Tuesday, February 14, 2017

Quite Possibly The Leica For You


Leica cameras are not for everyone.

This is not just because of their price  - which is considerable. It is also because they may not be the exact tool for the job that you intend to do. If you are hanging out the side of a helicopter taking survey pictures of a forest you might be using a Hasselblad. If you are photographing polar bears in Churchill, Manitoba you may not want to do it with a wideangle lens from two metres...If you are doing technical architectural illustration you may want swings, tilts, shifts, a Bex, and a good lie down...

But.

 If you want the ultimate travel/tourist/photojournalist/street/life camera the Leica company very likely has the best one that you will ever own somewhere in its range. For the person who wants to do it all pretty close by and on one package, the Leica Q is really the answer.

It contains one lens, one sensor, one screen, and one viewfinder - which is not that unusual for digital cameras. Unlike some of the other Leica offerings, however, the lens on the Q does not come off. It also does not zoom in the conventional way...but nevertheless contains three focal lengths. and it is a macro lens.

Your own vision of what you want to take pictures of resides in your head - but on the Leica Q it is shared between the LCD screen on the back and the electronic viewfinder. No tilting screen - the whole thing is rock solid.

The lens looks at the world with the angle of view of a 28mm focal length all the time, but the viewfinder image is changed by a ring around the lens to show an internal cropping for either a 28mm, 35mm, or 50mm field of view. You can rest assured that the Leica lens and processor will deliver the resolution, contrast, and freedom from distortion that you expect at all those settings.

You also get a detented switch that will let the camera lens go down to an extremely close macro setting. So you are carrying four things in one - and you are carrying a closed system that will never need the repeated attention of a camera technician for screen cleaning and dust removal. You just go out there and shoot.

Now look at the heading image again ( Thank you to the Leica Club visitor who acted as an unwitting hand model. ). The controls are disposed on the camera exactly where you expect them to be. Aperture ring up the front - and you can take it off the click-detent automatic position through the manual aperture from f:1.7 to f:22. Shutter speed Automatic and then 1 - 1/2000 second. Manual or automatic focus - you choice.

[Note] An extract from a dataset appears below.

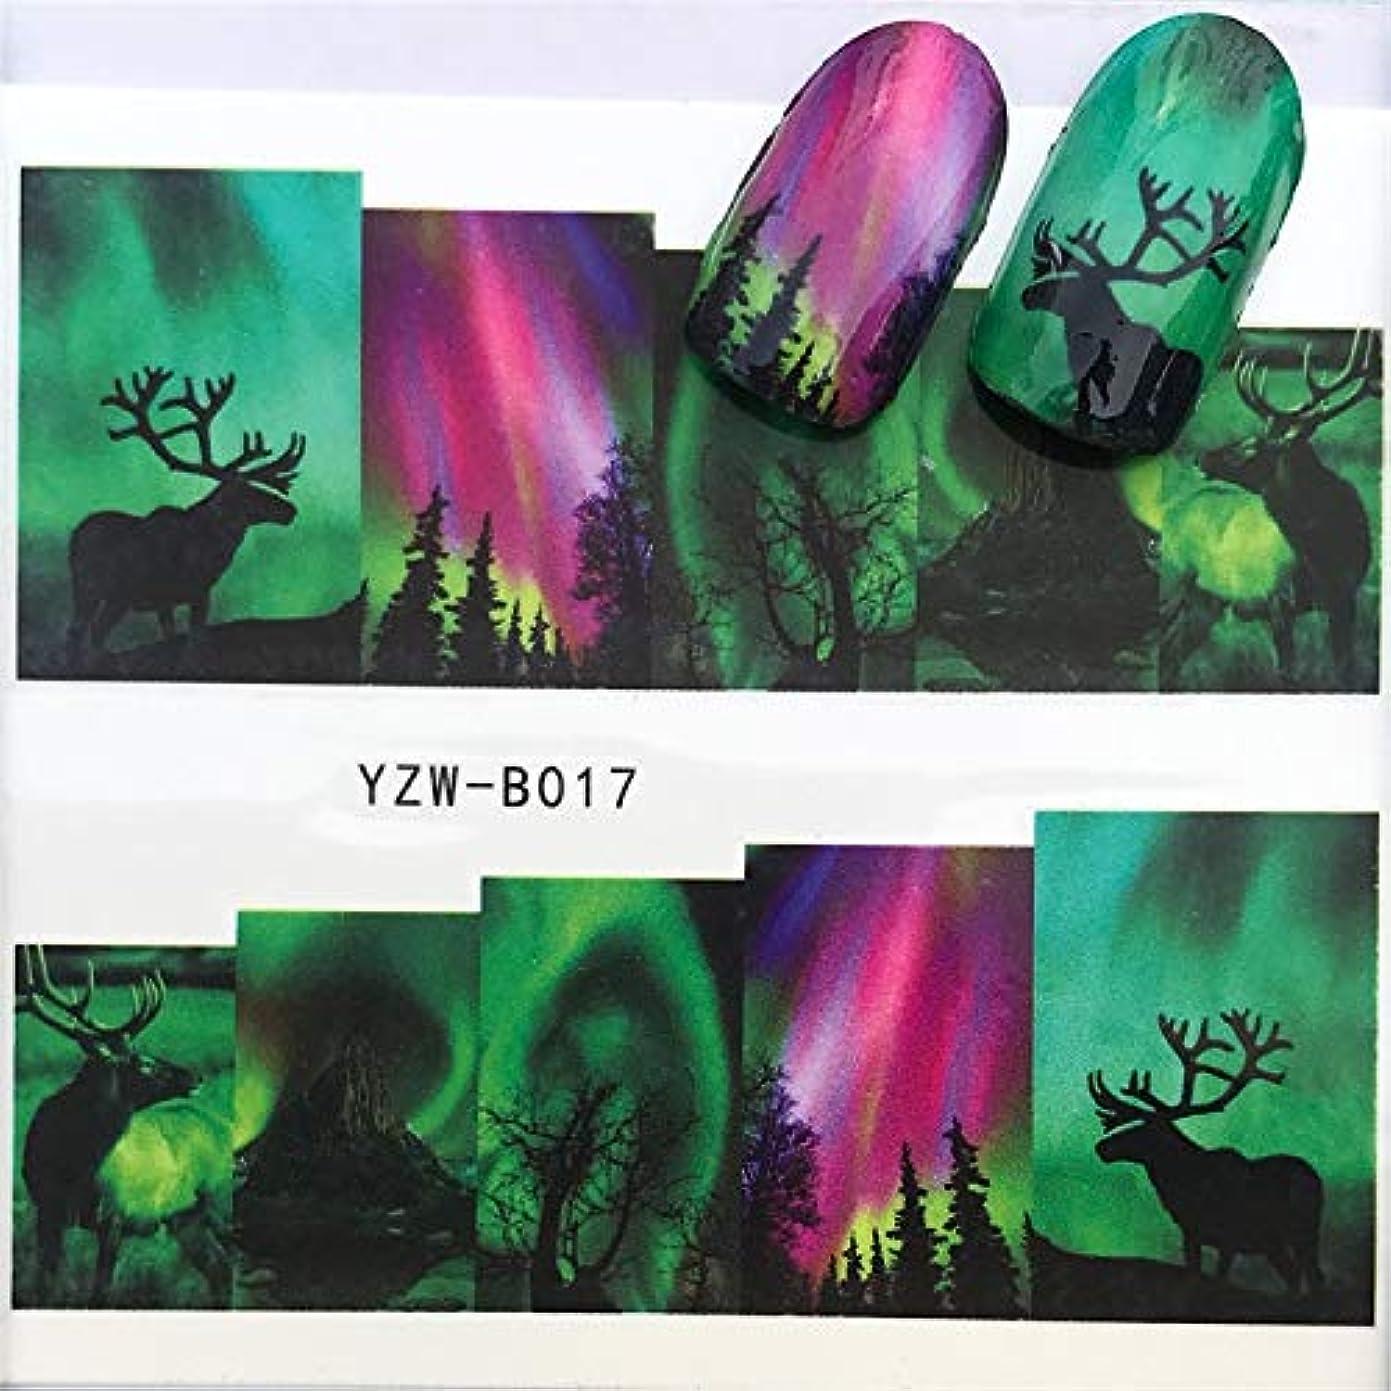 オークランドたくさん必要条件Yan 3個ネイルステッカーセットデカール水転写スライダーネイルアートデコレーション、色:YZWB018

That titanium finish is unique - you can also get it black. Plus a number of imaginative cases.
If you ever wanted to own one Leica - just one - and did not want to take extra lenses or accessories with you, this is the one. And I'll contradict myelf instantly by recommending that you also invest in a Leica flash as well...but that is because I am a flash shooter and know how useful the things are -  purists can disagree.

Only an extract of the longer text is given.